Hablábamos antes de esos ‘por qué’ que tenemos en nuestro interior que nos hacen buscar, luchar, esforzarnos, buscar caminos, trabajar, sin importarnos sacrificios incluso, que dan un sentido a nuestro vivir. En Jesús está la respuesta. En Jesús encontramos los motivos. En Jesús encontramos esa fuerza interior, esa gracia. En Jesús nos sentimos en camino de nueva vida. En Jesús nos sentimos comprometidos al máximo por ayudar a dar sentido a la vida de cuantos nos rodean. En Jesús tenemos esa luz que nos ilumina de verdad y que iluminará nuestro mundo. En Jesús nos sentimos totalmente implicados en buscar caminos para salir adelante en los momentos difíciles o de prueba.

Por eso, sí, tenemos que buscar a Jesús. Cada día más y con mayor intensidad. Conocerle hondamente. Meterlo en nuestra vida. Hacerlo vida nuestra. Buscamos ese pan que saciará todas nuestras hambres y nuestra sed más profunda. Le pedimos, sabiendo bien lo que le pedimos, que nos dé de ese pan para tener vida para siempre.
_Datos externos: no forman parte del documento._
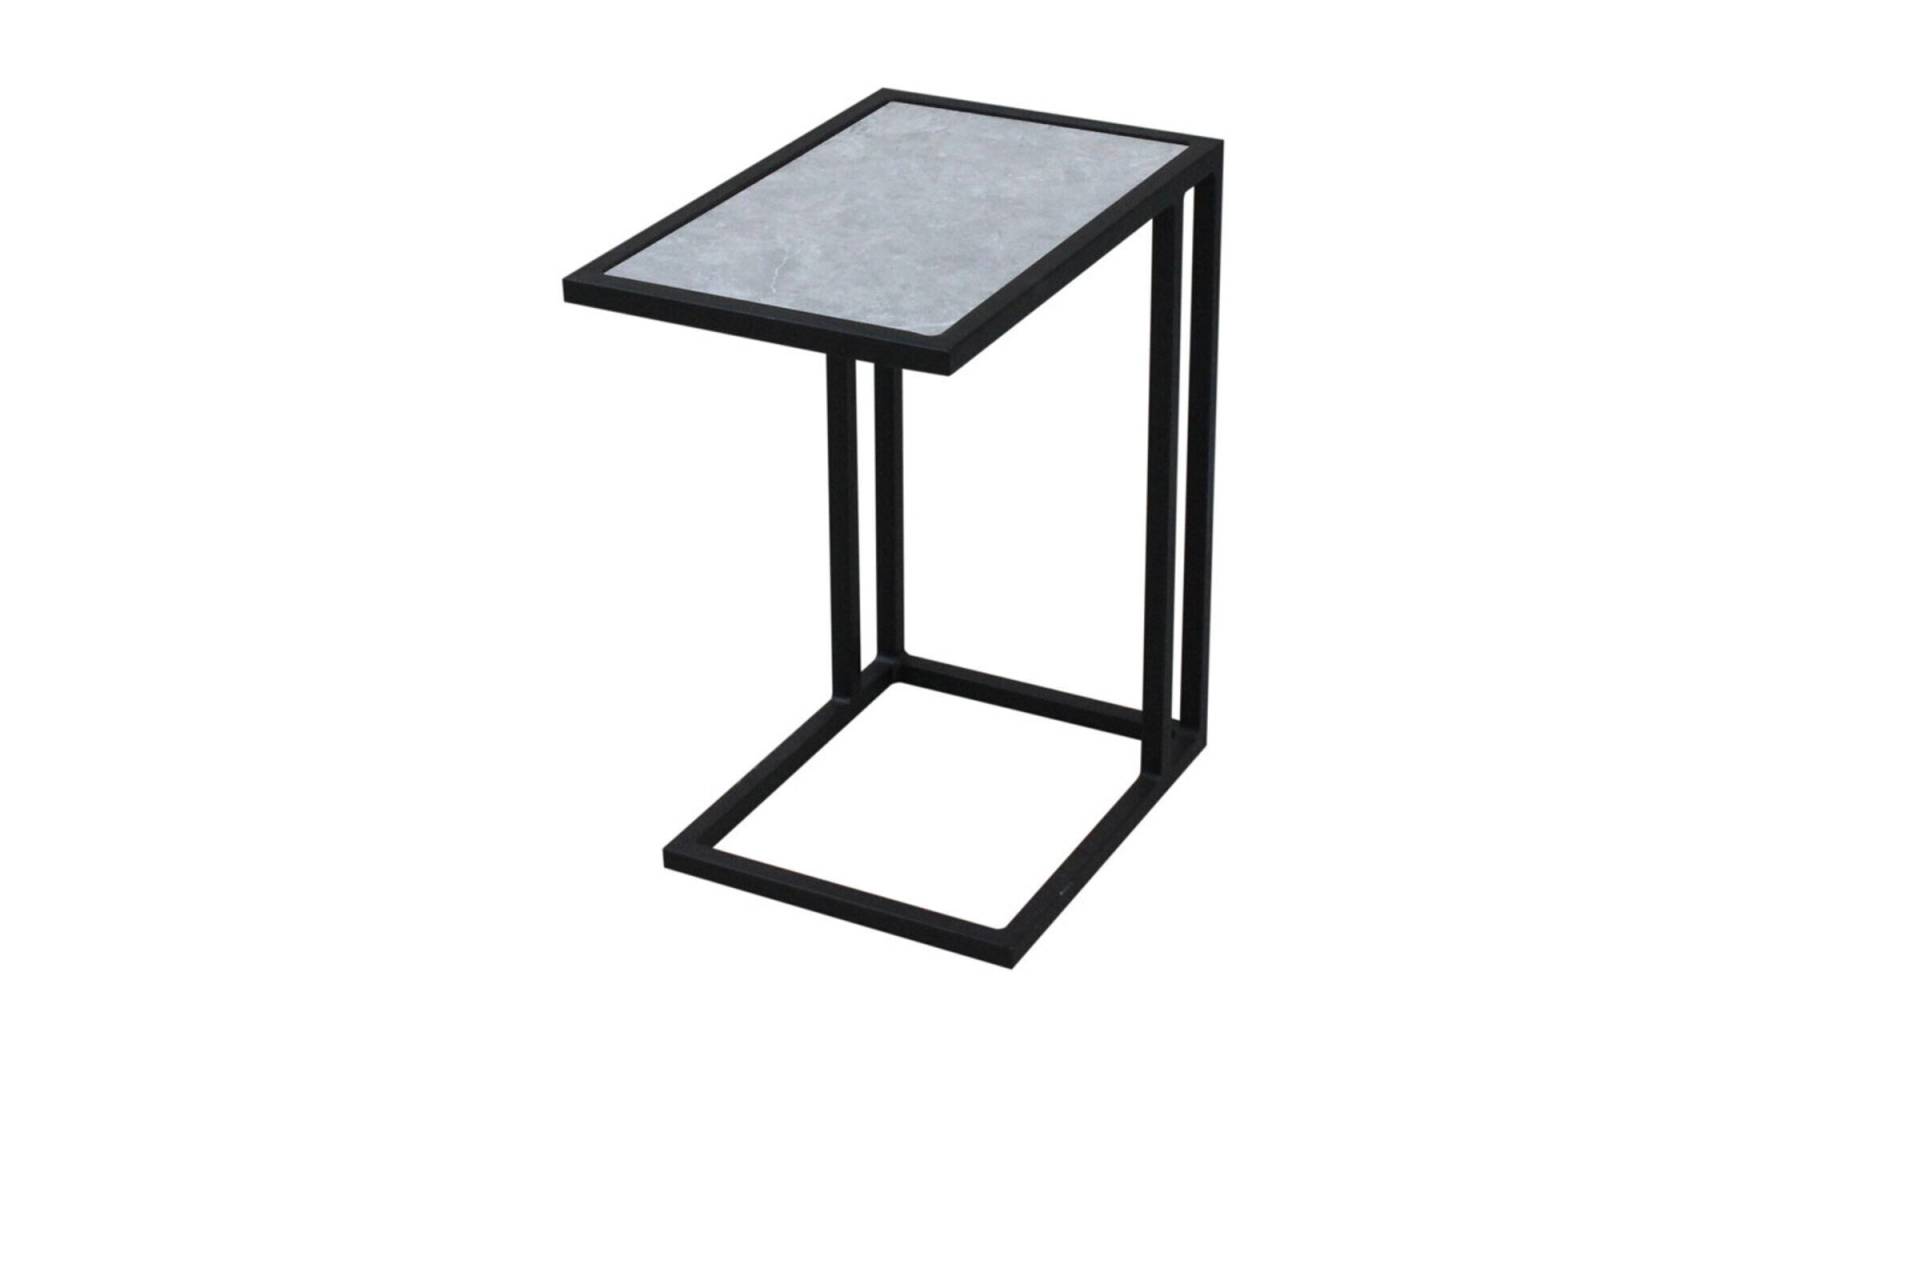 OUTFLEXX Beistelltisch, schwarz, Aluminium, 32 x 48 x 54 cm, perfekt für Lounges, Keramiktischplatte von OUTFLEXX

Cuando venimos aquí cada semana o cada día a la Eucaristía es eso lo que venimos buscando; venimos buscando a Jesús, esa luz y ese sentido de nuestra vida, esa fuerza y esa gracia, esa presencia y esa vida para nuestro caminar, sabiendo que en Jesús lo vamos a encontrar. El camina a nuestro lado, no nos deja solos ni desamparados. Aquel pan del cielo del maná era una señal, decíamos, de la presencia de Dios que estaba con ellos y caminaba con ellos el duro camino del desierto. En este pan del cielo encontramos a Cristo que quiere hacerse pan para que además le comamos y nos alimentemos de El. Qué misterio y locura de amor.

Cuando comemos del pan de la Eucaristía no olvidemos que estamos comiendo a Cristo, no como un recuerdo, sino teniendo la certeza de su presencia real y verdadera que se hace alimento para nuestro caminar. No es una simple señal que ponemos al lado del camino para recordarnos cosas, sino que es Cristo mismo el que se hace pan, se hace Eucaristía para nosotros para ser esa vida, esa gracia y esa fuerza que necesitamos. En los próximos domingos seguiremos reflexionando sobre todo el sentido del pan de vida que Jesús nos da en la Eucaristía.

‘Señor, danos siempre de ese pan de vida’ y que nos da vida.